# Backfeeding a Panel



## Inner10 (Mar 12, 2009)

I was working on a reno and saw the electrician was going to move the electrical service and install a new panel. His temporary solution was to "backfeed" the new panel from the old panel.

He ran an 8/3 between the old panel's 40A breaker and the new panel's 40A breaker. This provided power to the circuits on the new panel without taking the old out of service.

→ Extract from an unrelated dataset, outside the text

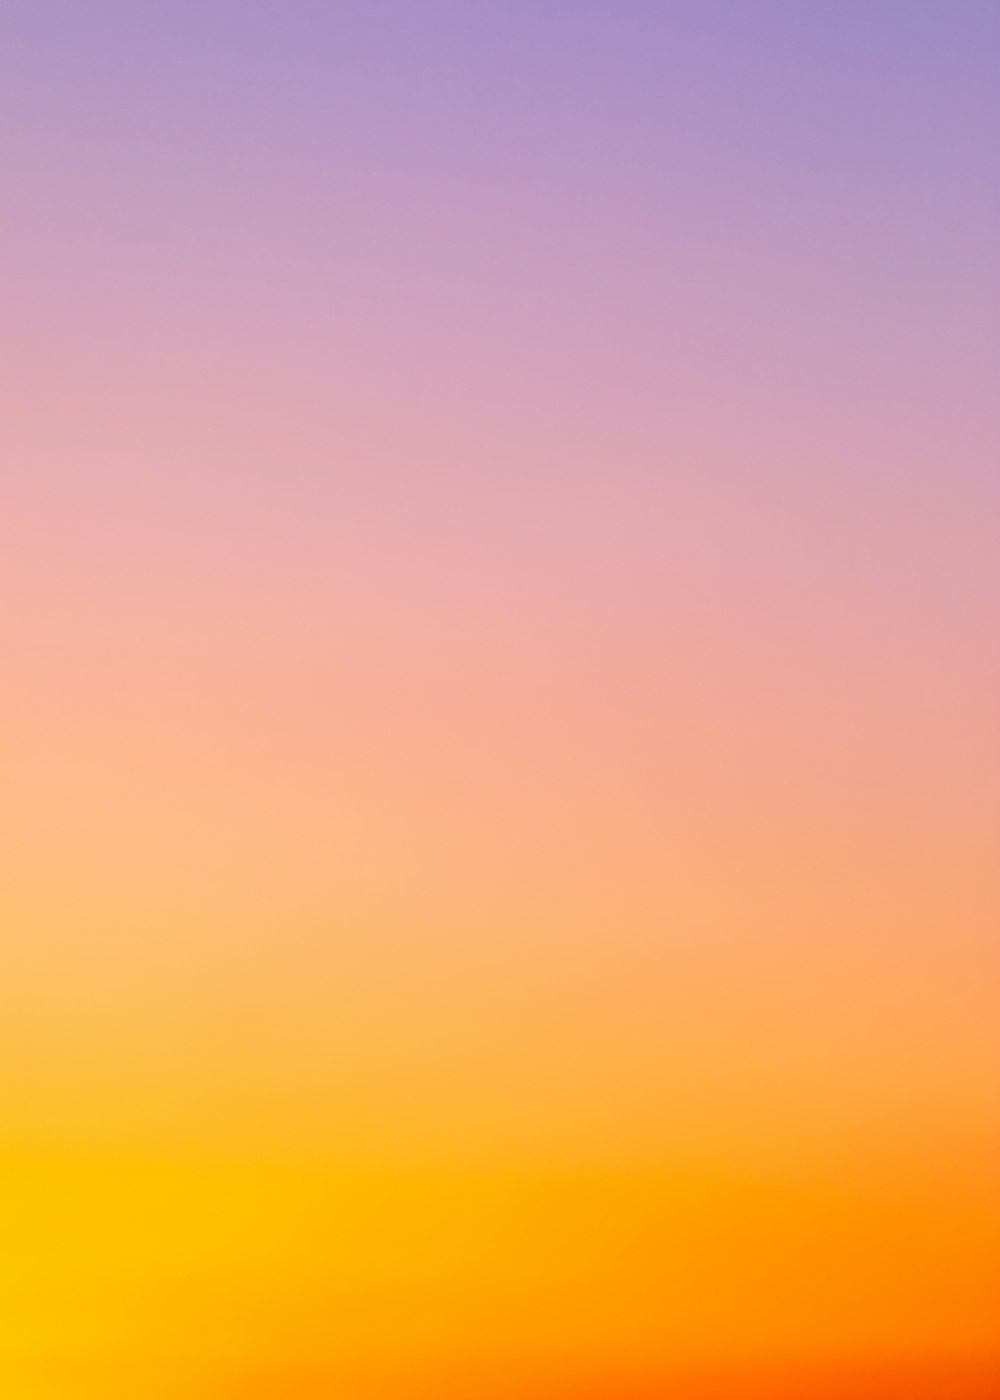 Những hình ảnh nền gradient cam sẽ mang đến cho màn hình của bạn sự tươi sáng và năng động. Gradient cam là sự hòa trộn giữa màu cam đậm và nhạt, tạo ra sự độc đáo và khác lạ. Hãy thưởng thức ảnh liên quan để có những trải nghiệm thú vị.
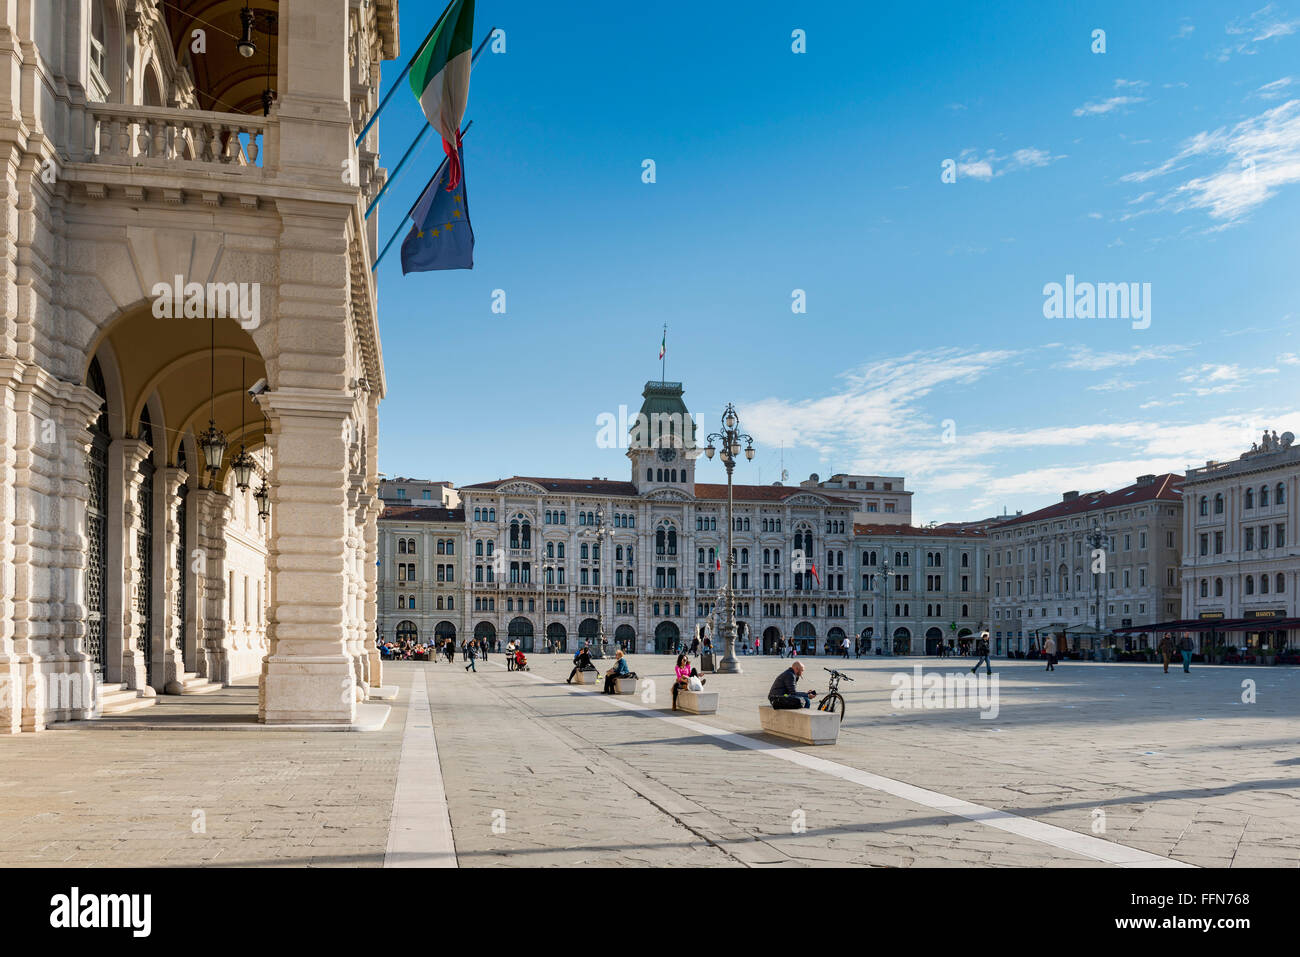 Trieste en Italie, les touristes à la Piazza Unità d'Italia, la place principale de Trieste, Italie, Europe Banque D'Images

Never seen it done before, it is common practice?


----------



## Tinstaafl (Jan 6, 2008)

I do that when I need both panels powered temporarily. Of course I'm an unlicensed hack 12 year old.


----------



## woodchuck2 (Feb 27, 2008)

Actually i am doing the same thing on a job currently. I installed a new panel in the basement and a new service, the new panel is being backfed from the old panel until the POCO switches the power from the old service to the new service. After that i will backfeed the old panel until all circuits are removed and put into the new panel. The house is being remodeled so as each room gets redone i tear out the old wiring and replace with new into the new panel. No loss of power except for the 30 minutes it takes for the POCO to do the swap at the weatherhead.


----------



## Rob PA (Aug 30, 2010)

wouldnt see a issue unless it is permanent and exceeds the orginal panels capacity


----------



## The Coastal Craftsman (Jun 29, 2009)

Same way mines being done in a couple of days. Seems to be fine and even power company rep explained it should be done this way.


----------



## one man show (Dec 20, 2010)

*backfed panel*

break down and pay for a temp power pole before u burn your house down


----------



## Inner10 (Mar 12, 2009)

> break down and pay for a temp power pole before u burn your house down


I don't see how its a hazard, when I looked at the setup I was a little confused then... thought it was pretty clever.


----------



## 480sparky (Feb 1, 2009)

Sounds like the temporary feeder is perfectly legal. The only issue would become whether the load the panel can expect to supply would exceed that 40a.

FWIW, I temp. entire 200a dwelling services with 40a if they're not going to run their AC.








​ 







​


----------